[[ DATA EXCERPT open ]]

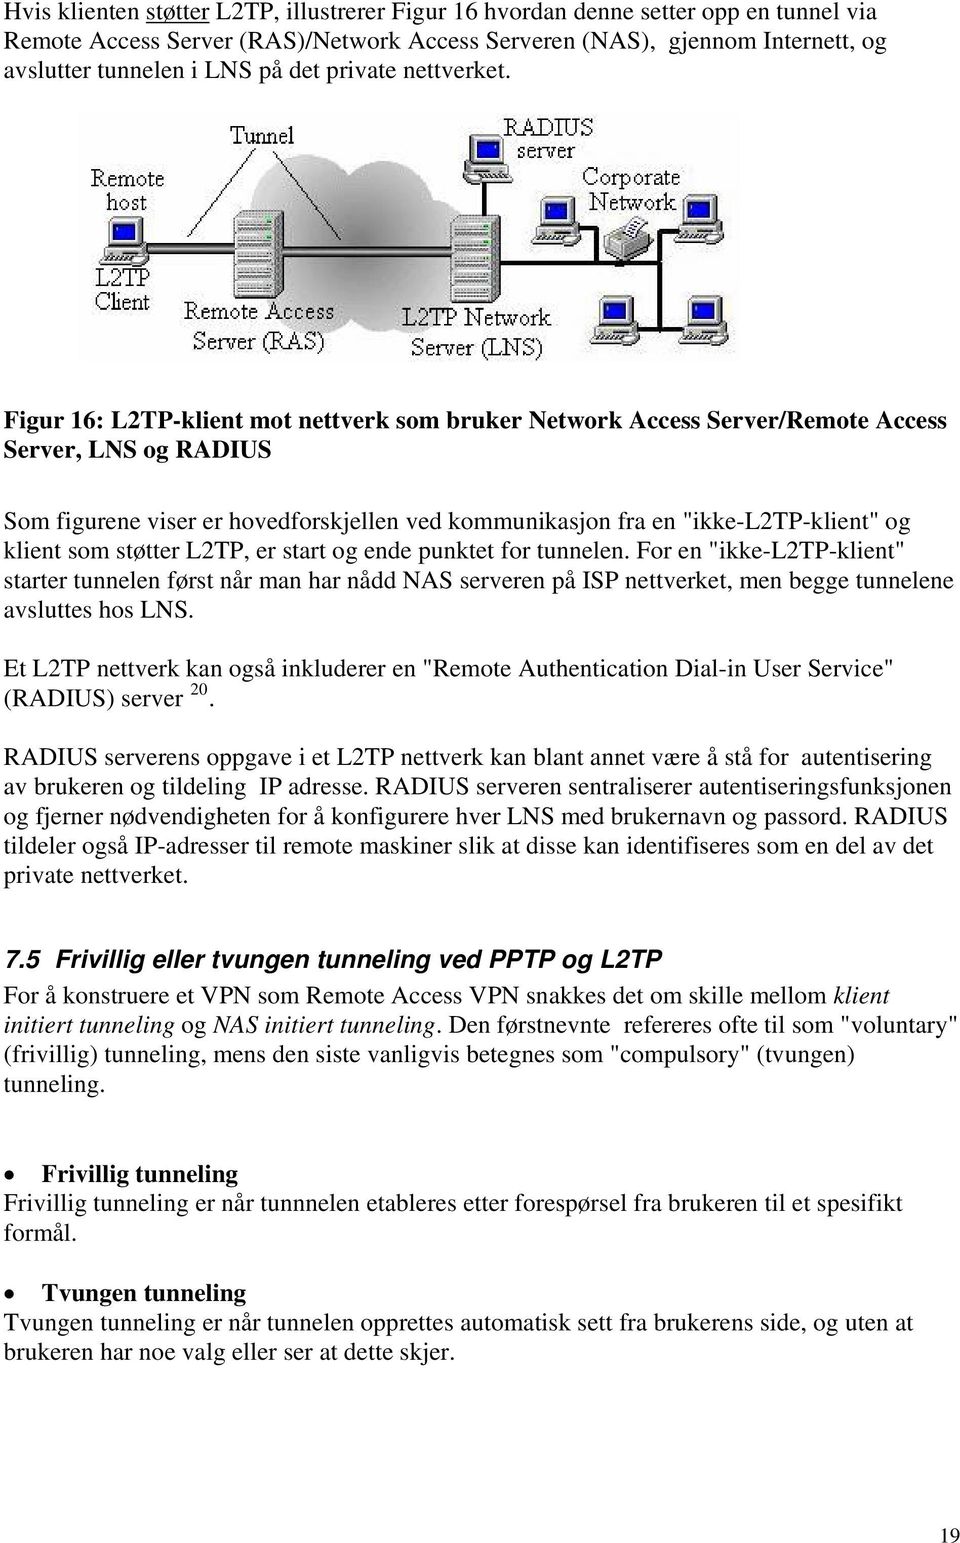 Figur 16: L2TP-klient mot nettverk som bruker Network Access Server/Remote Access Server, LNS og RADIUS Som figurene viser er hovedforskjellen ved kommunikasjon fra en "ikke-l2tp-klient" og klient
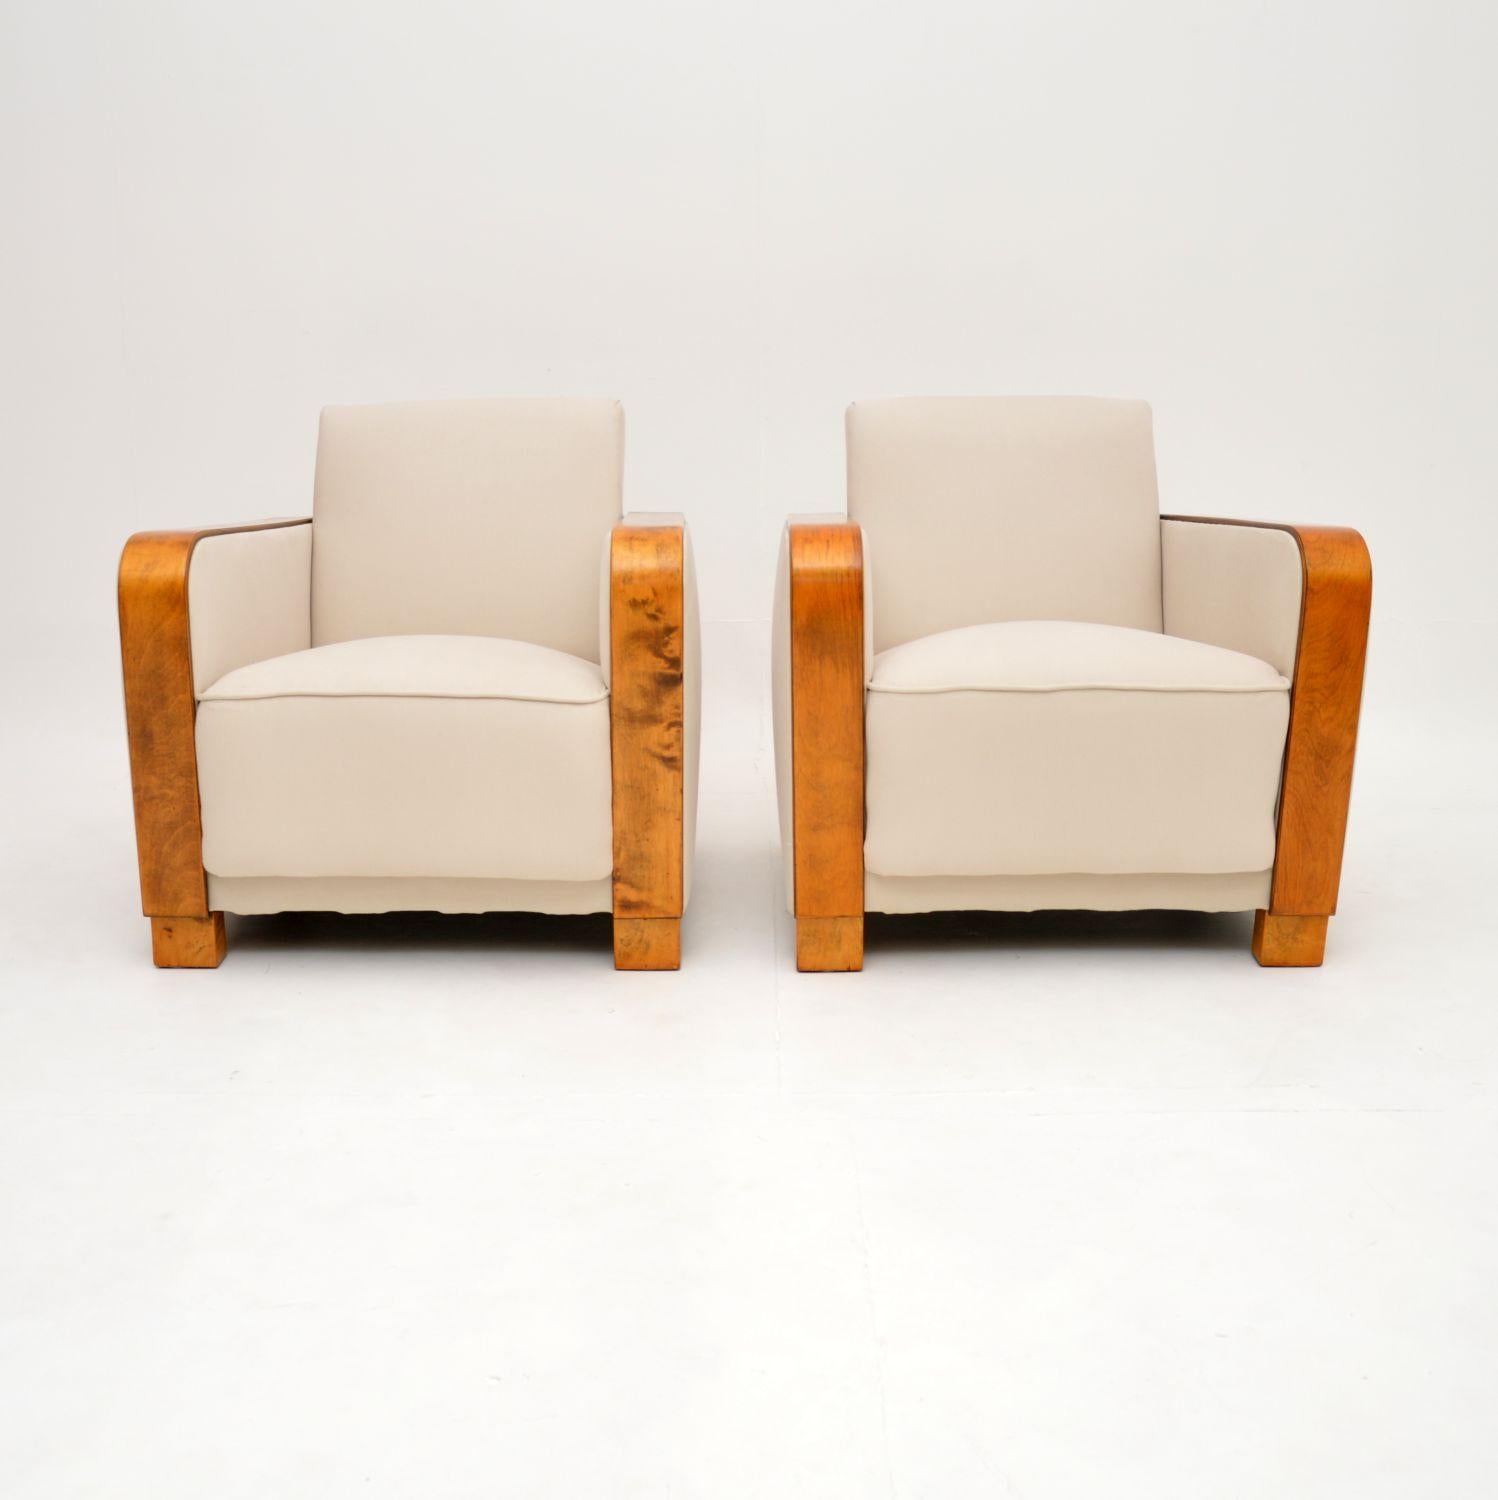 Une paire de fauteuils en bouleau satiné de style Art Déco très élégante et extrêmement bien faite. Fabriqués en Suède, ils datent des années 1920-30.

Ils ont un design très audacieux et magnifique et sont d'une superbe qualité. Les bras en bouleau
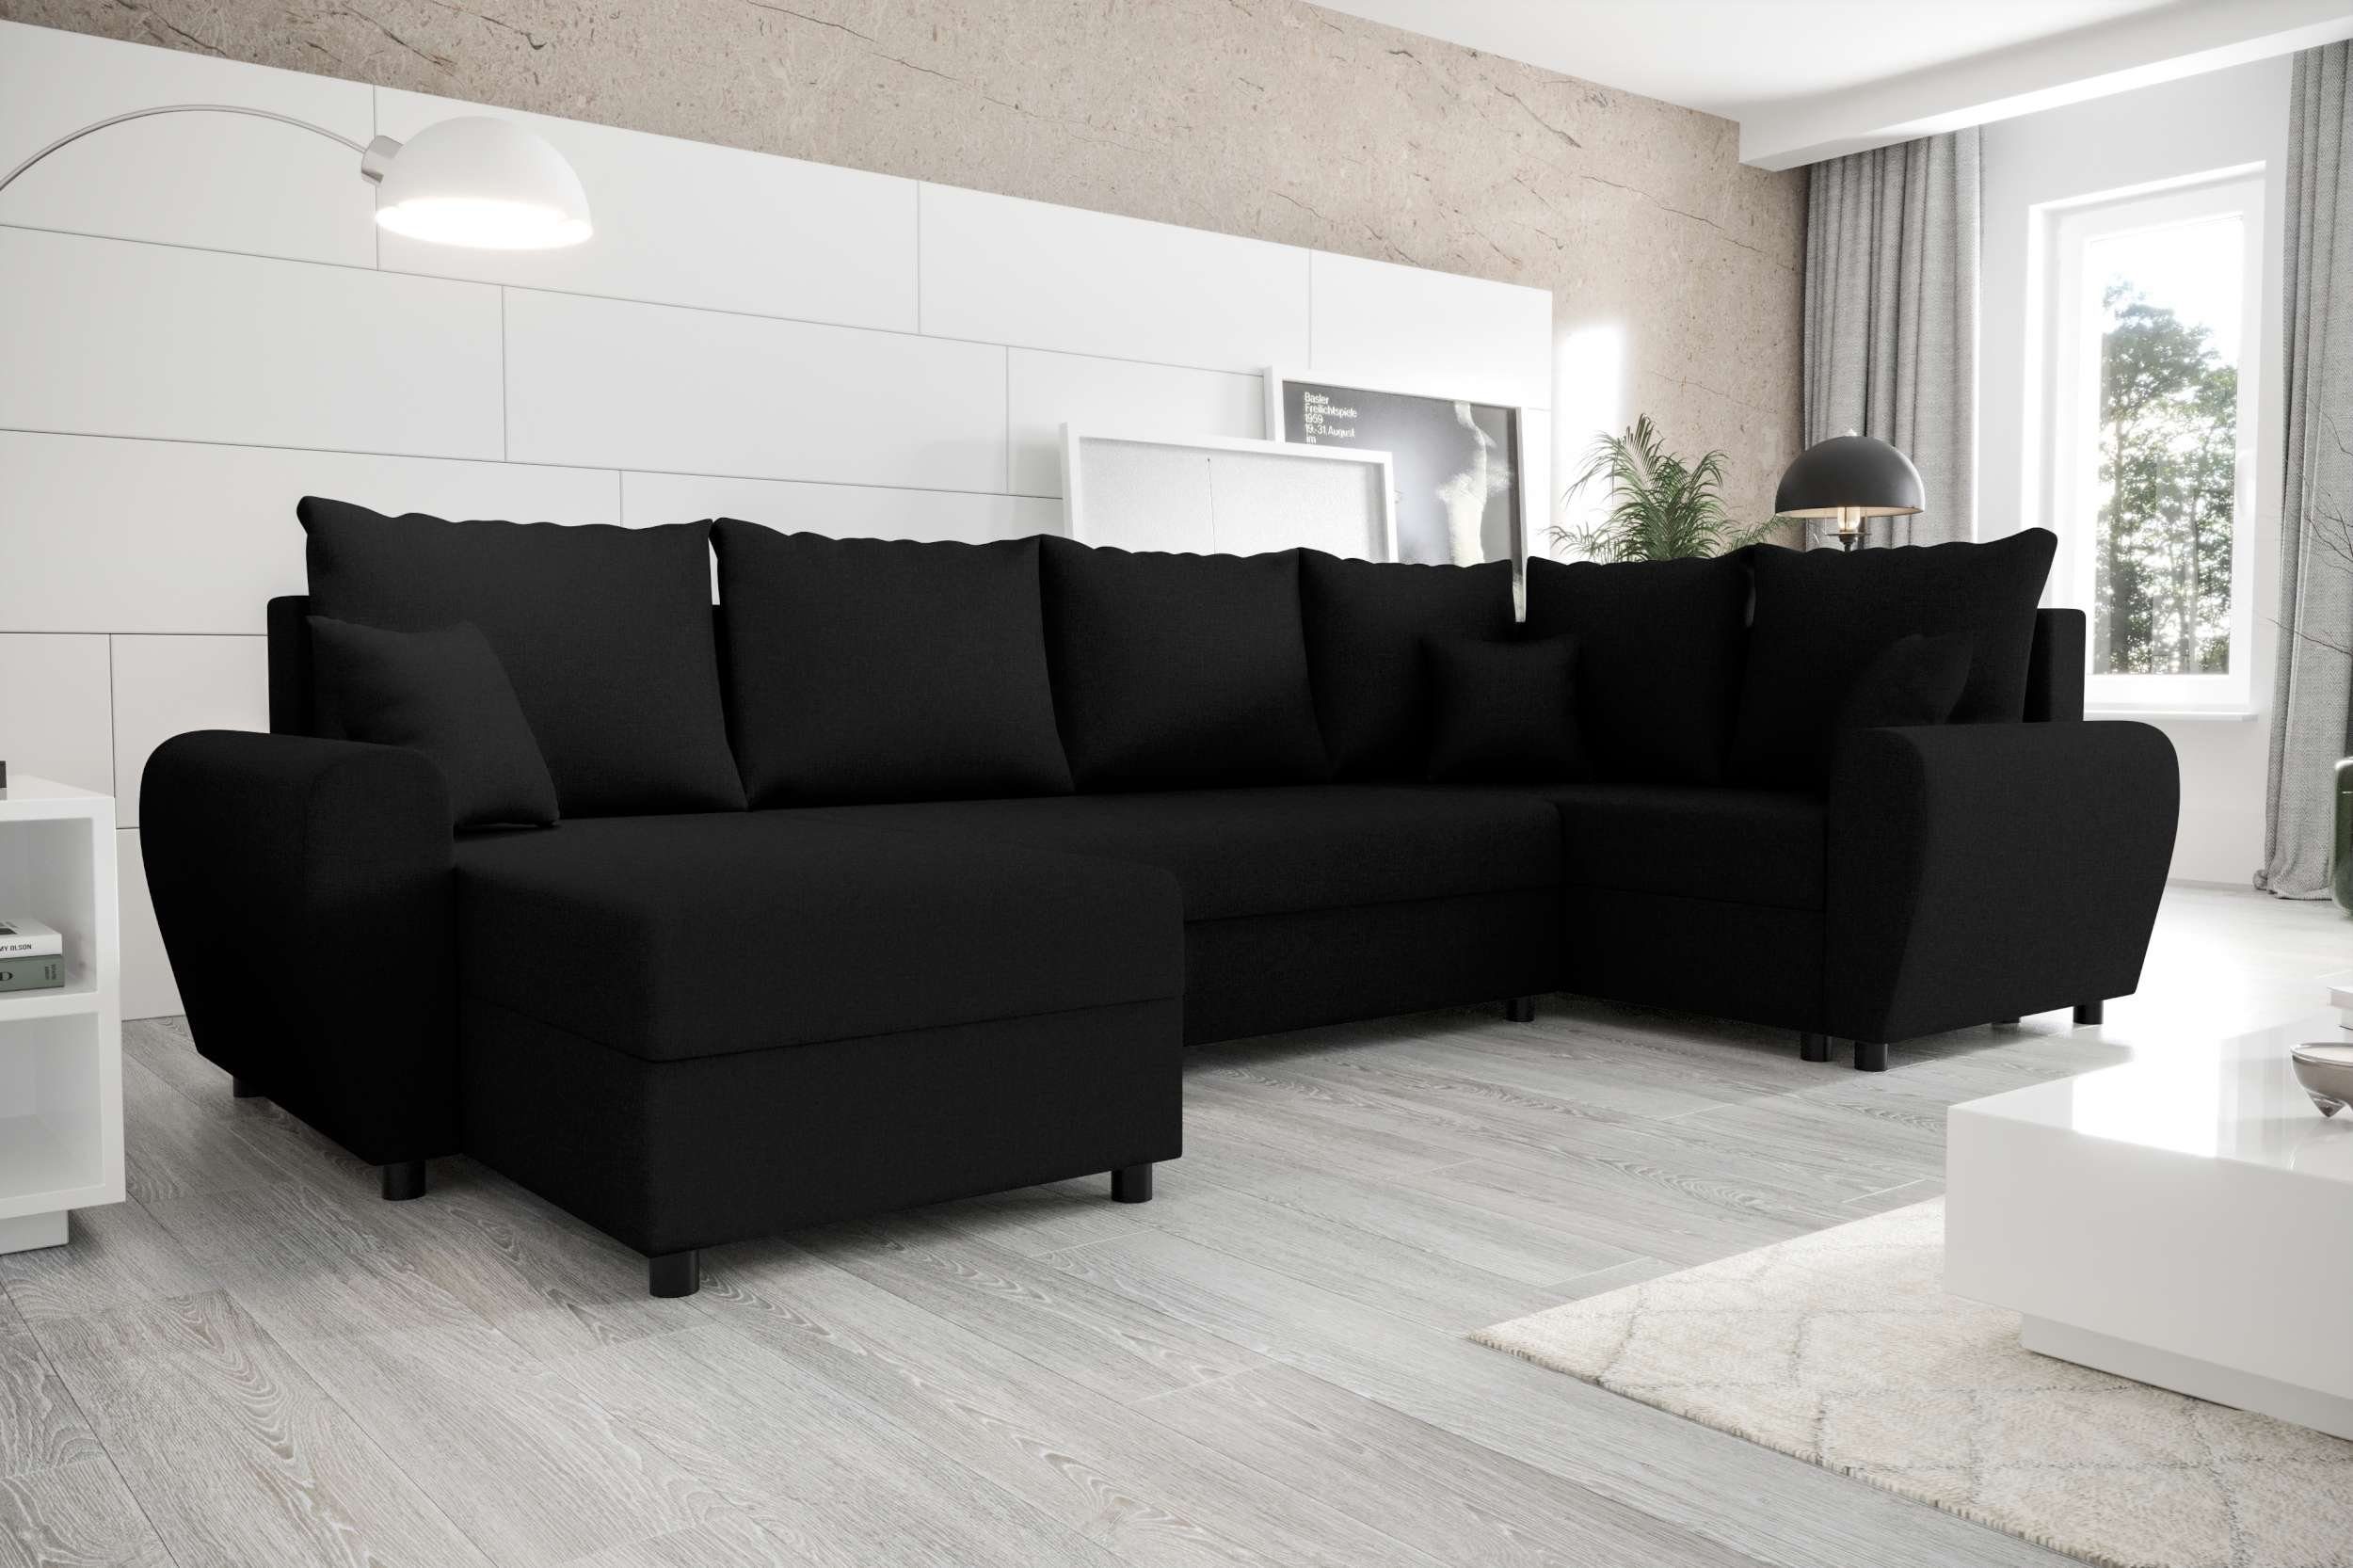 Stylefy Wohnlandschaft Sitzkomfort, mit mit Bettfunktion, Sofa, Bettkasten, U-Form, Haven, Modern Eckcouch, Design

[[ DATA EXCERPT closed ]]

▶ _TASK OBJECTIVE_
Could you write out the whole listing exactly, skipping every picture?

▶ _SOLUTION TO THE PROBLEM_
 Figur 16: L2TP-klient mot nettverk som bruker Network Access Server/Remote Access Server, LNS og RADIUS Som figurene viser er hovedforskjellen ved kommunikasjon fra en "ikke-l2tp-klient" og klient
 Une paire de fauteuils en bouleau satiné de style Art Déco très élégante et extrêmement bien faite. Fabriqués en Suède, ils datent des années 1920-30.

Ils ont un design très audacieux et magnifique et sont d'une superbe qualité. Les bras en bouleau
 Stylefy Wohnlandschaft Sitzkomfort, mit mit Bettfunktion, Sofa, Bettkasten, U-Form, Haven, Modern Eckcouch, Design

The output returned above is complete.